The memories of 24 October, when their houses were flooded, are still very vivid.

Elaine Moses and her daughters were rescued from their house in The Meadows by boat.

"We've been going such a long time on these promises and we've never seen the work actually physically starting on the ground," she said.

"We want people to make their commitments and actually stick to them."

The Rivers Agency and Road Service are working together on plans to resolve the situation in Beragh, but the design of any flood-wall is not yet finalised.

Stephen Dawson, a Rivers Agency engineer, said: "We're very much in the early stages of developing the overall option and appraisal for the flood alleviation scheme.

"That is going to take time to be developed and we're exploring a lot of different ways of solving the problems here."

Early warning

Some solutions are already being implemented.

Image caption Stephen Dawson from the Rivers Agency told residents that a flood-defence scheme would take time to develop

Overgrown shrubbery along the banks of the river is being cut back, to prevent water pooling in vulnerable areas.

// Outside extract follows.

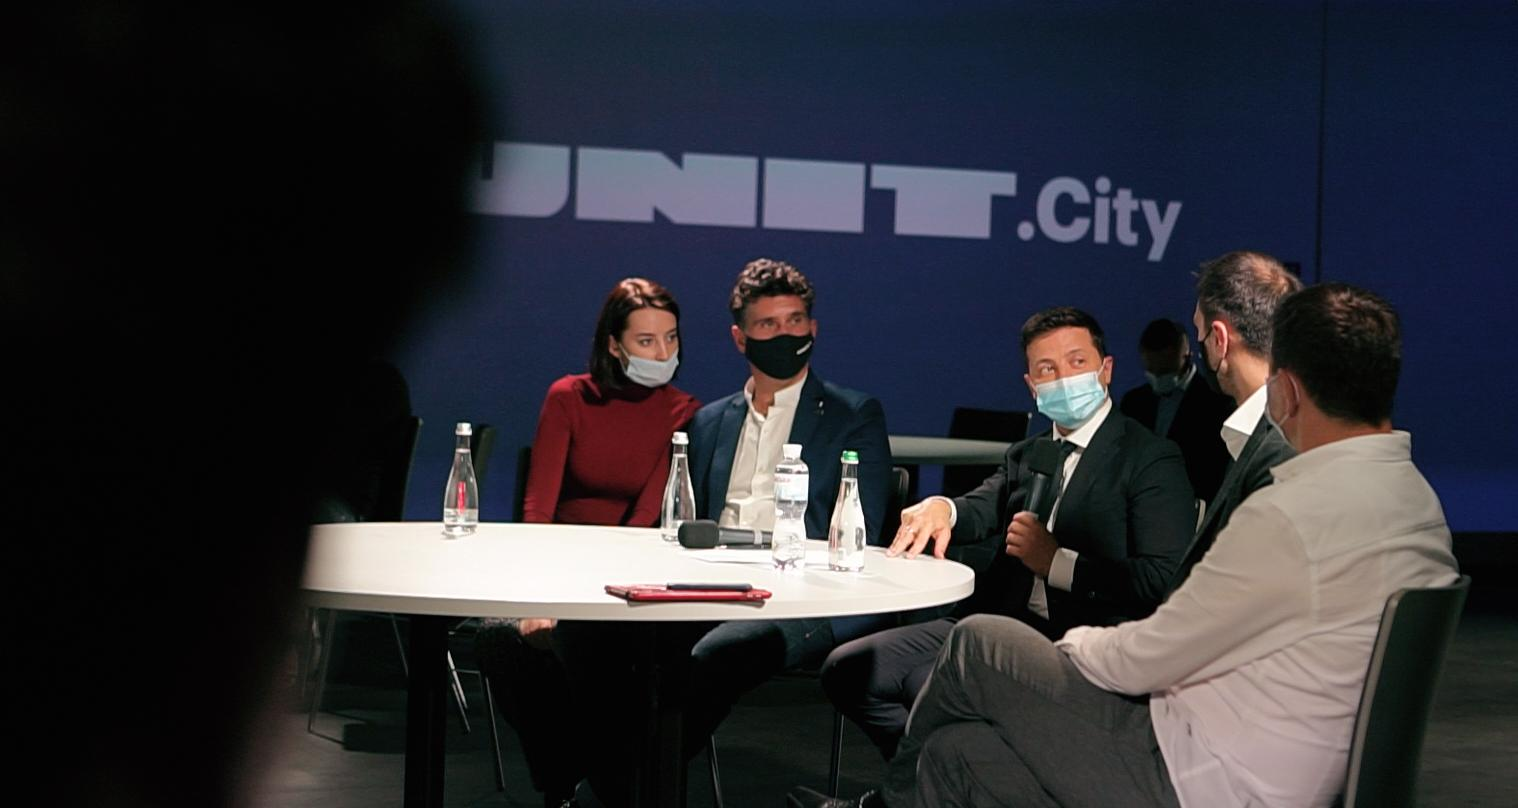 Владимир Зеленский на встрече со стартаперами UNIT.City

A sandbag store has been set up in the village and an early warning system is being trialled.

It is hoped that it will be used to send a text alert if the river is at a dangerous level, allowing people time to do what they can to protect their homes.

An inspection has also been carried out to check for blockages in the river course.

Staff from the Rivers Agency told the meeting that there would be visible progress in the next few months.

A 200-year-old railway bridge is to be removed, but because it is historically valuable, it has to be deconstructed rather than demolished, and rebuilt at a site in Loughgall.

Meanwhile, work on the road bridge close to the Beragh Red Knights GAA club, which was also flooded, will not begin until next year.

Roads Service has also proposed adding footpaths, as well as widening and elevating the bridge. Engineers say that should also help relieve the flooding problem.

The residents will meet the agencies involved again later this year, when the flood defence design is complete.